The same is true at Valmiermuiža’s Embassy, a little outside the Old Town, where artistic black and white photographs add interest to the monochrome interior.
Though named after a brewery, Valmiermuiža’s is a restaurant, though it does serve draught beers that are brewed in the north of Latvia using 250 year old techniques. Diners are encouraged to try them in new ways. We opted for the signature beer tasting menu, where every dish was paired with a different beer and, in one remarkable case, a beer cocktail. Drinking like this might well horrify the beer purists, but if brought out unexpected flavours in the food.
Tiny Lithuania, a patchwork of wetlands and mixed forest, intersected by rivers and streams, clings to Europe’s Baltic shore.

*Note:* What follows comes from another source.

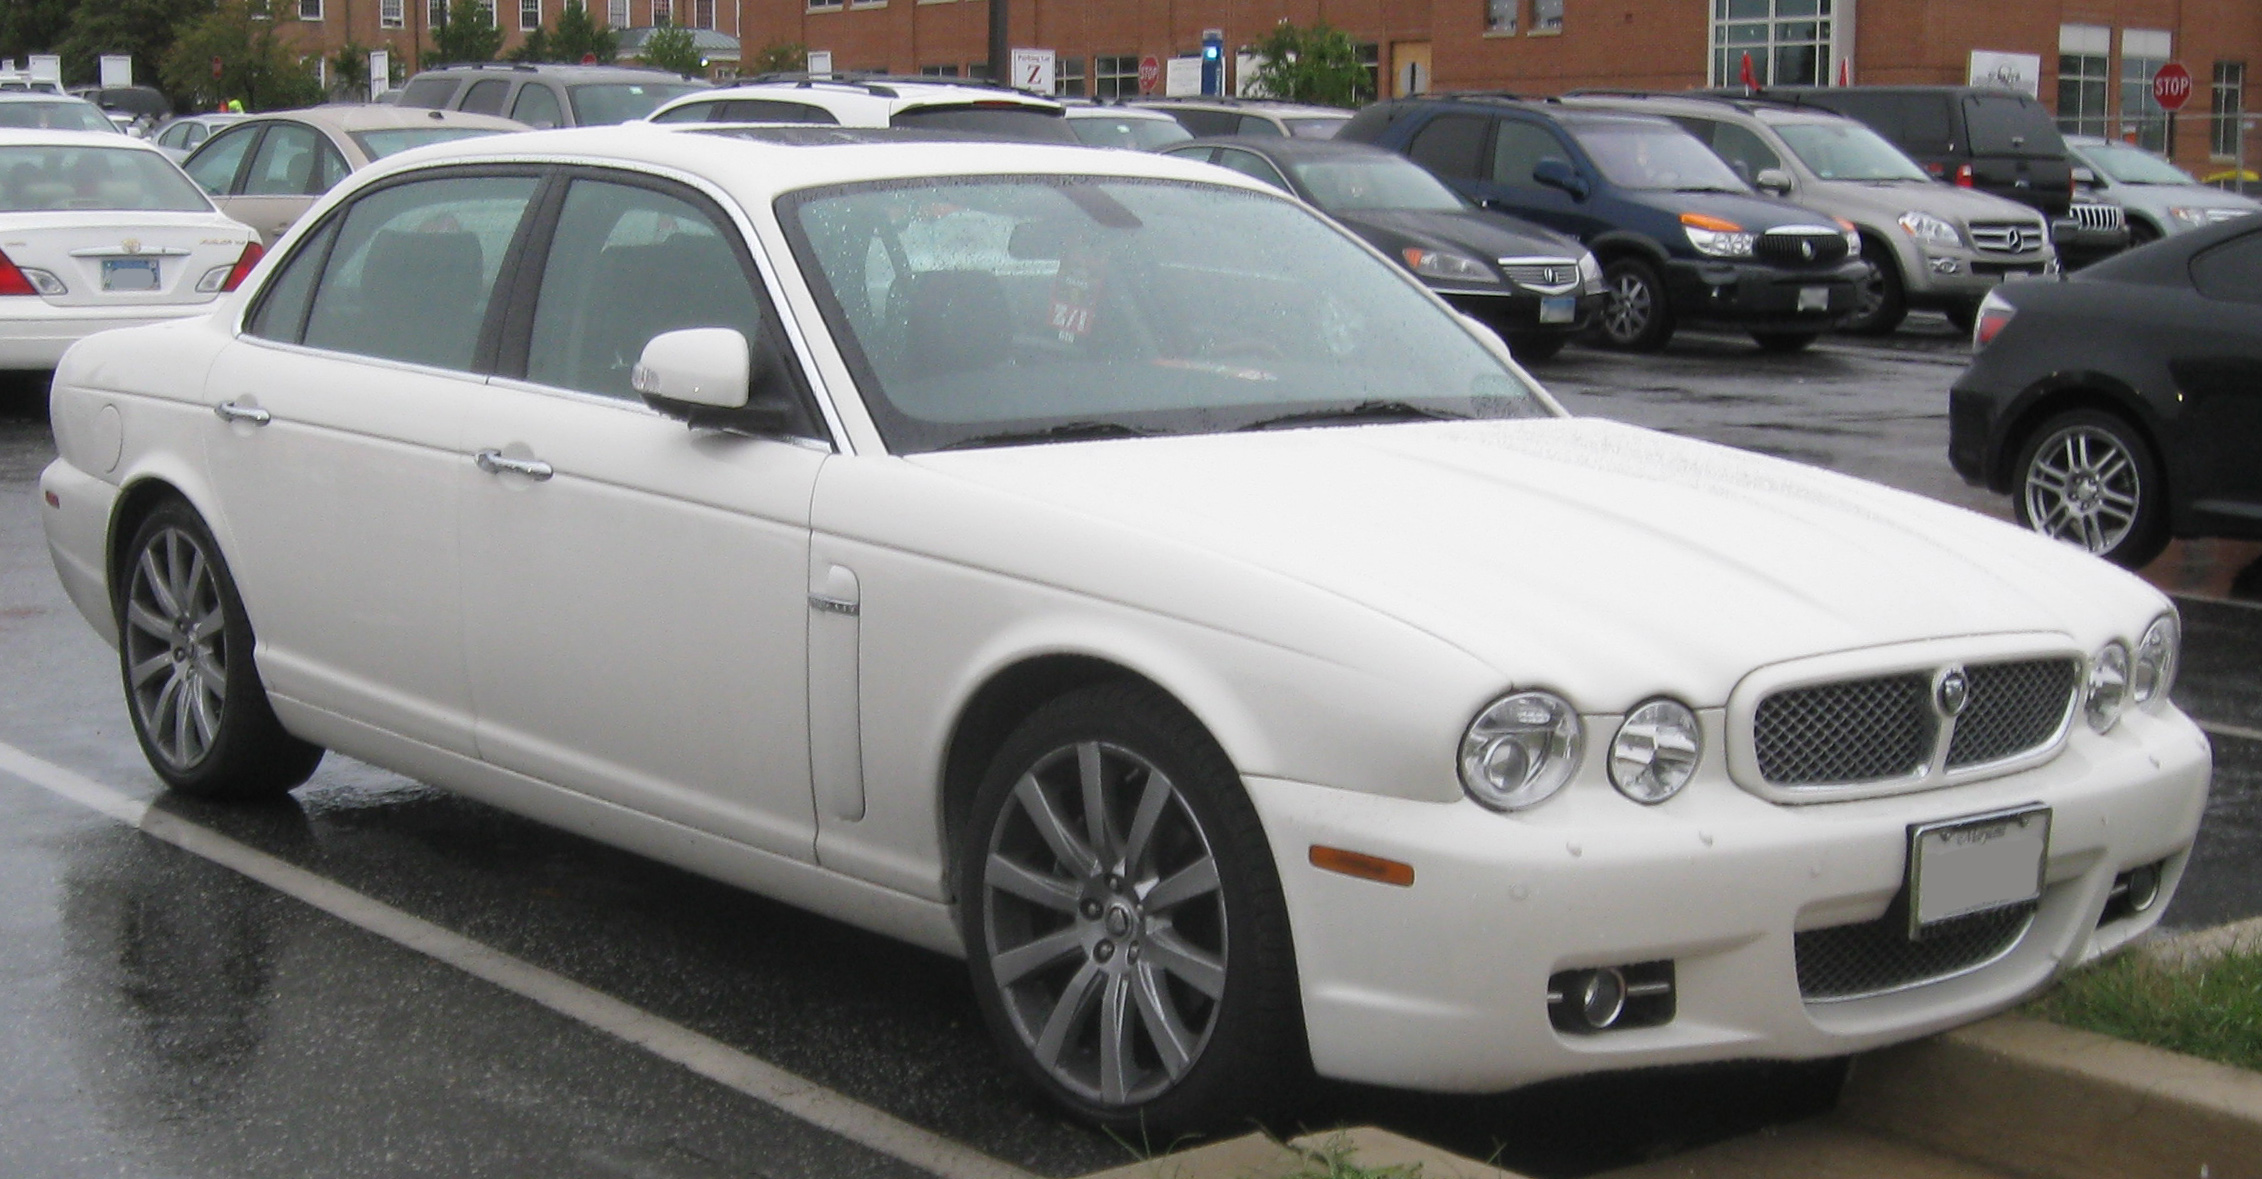 Jaguar XJR III (X358) 2007 - 2010 Sedan #3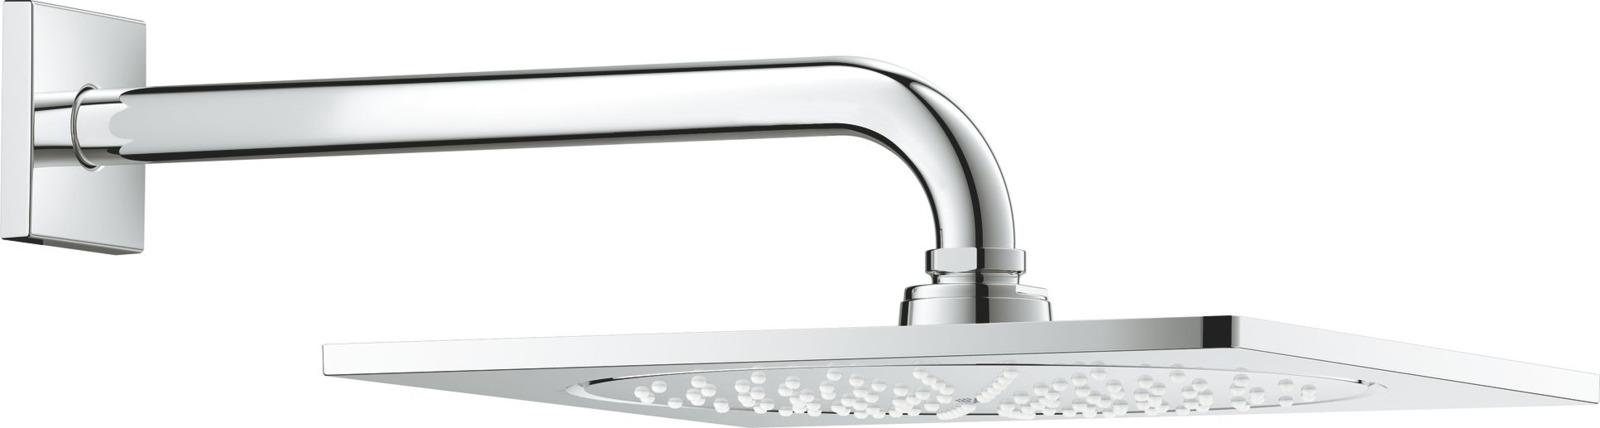 Душевой комплект Grohe Rainshower F-series 10 Верхний душ + Душевой кронштейн, 26070000, серебристый верхний душ grohe rainshower f series 26061000

We arrived via an unofficial route: a muddy track through the forest from neighbouring Latvia cutting a good 100 km off our journey to Ilzenbergas Manor, our first stop in the country.
Ilzenbergas Manor was built in the early 16th century as the home of a wealthy trader who made his money selling grain, butter, spices, and tar. Today its raison d’être is to produce affordable, high quality organic produce for the local market. The hens and geese provide eggs; milk is pasteurised for drinking, and also turned into butter and cheese; and whole grains grown on the farm are baked into bread with natural-yeast.
Taking lunch in the barn with farm manager Gintaras, we had the chance to taste a little of the manor’s output — cured meat, white cheese, and kvass (a slightly fermented drink made from rye bread). It was simple, homely fare, but indisputably good.
In Kaunas, Lithuania’s second city, we sought out Vista Puode, Kaunas’ leading farm to table restaurant. Proprietor Egidijus Trumpa, though indisputably Lithuanian, has the air of an Italian restaurateur. His business is a family affair — his wife and elder children work in his restaurants — and food and wine are hugely important to him. He’s larger than life, with dark curly hair and an infectious passion (and occasional seriousness) for the food he puts on the plate.
Egidijus serves the food he enjoyed as a child. He tells us that his grandmother’s dishes were far better and that he can’t quite replicate her recipes, but we’ve a sneaky hunch that it is his nostalgia talking: the food tastes pretty wonderful to us.
The highlight of the evening is a very Lithuanian dish indeed: potato latkes (shallow fried pancakes) served with sour cream and topped with cold smoked trout. There’s a sprinkling of caviar too, though mostly for its visual appeal rather than its flavour.
It’s an incredibly wholesome dish, the kind of thing you’d want to eat on a long dark evening in the village. The grated potato is crisp on the outside, but still soft inside, and it smells divine. We ate, Egidijus talked, and the local beer and wine, made from Lithuanian berries as the country is too far north for vineyards, kept flowing.
It is not a cuisine which will easily travel — the local, seasonal, and organic ingredients are what set it apart — so there’s nothing for it but to travel there in person and feast on the local flavours, one succulent bite at a time.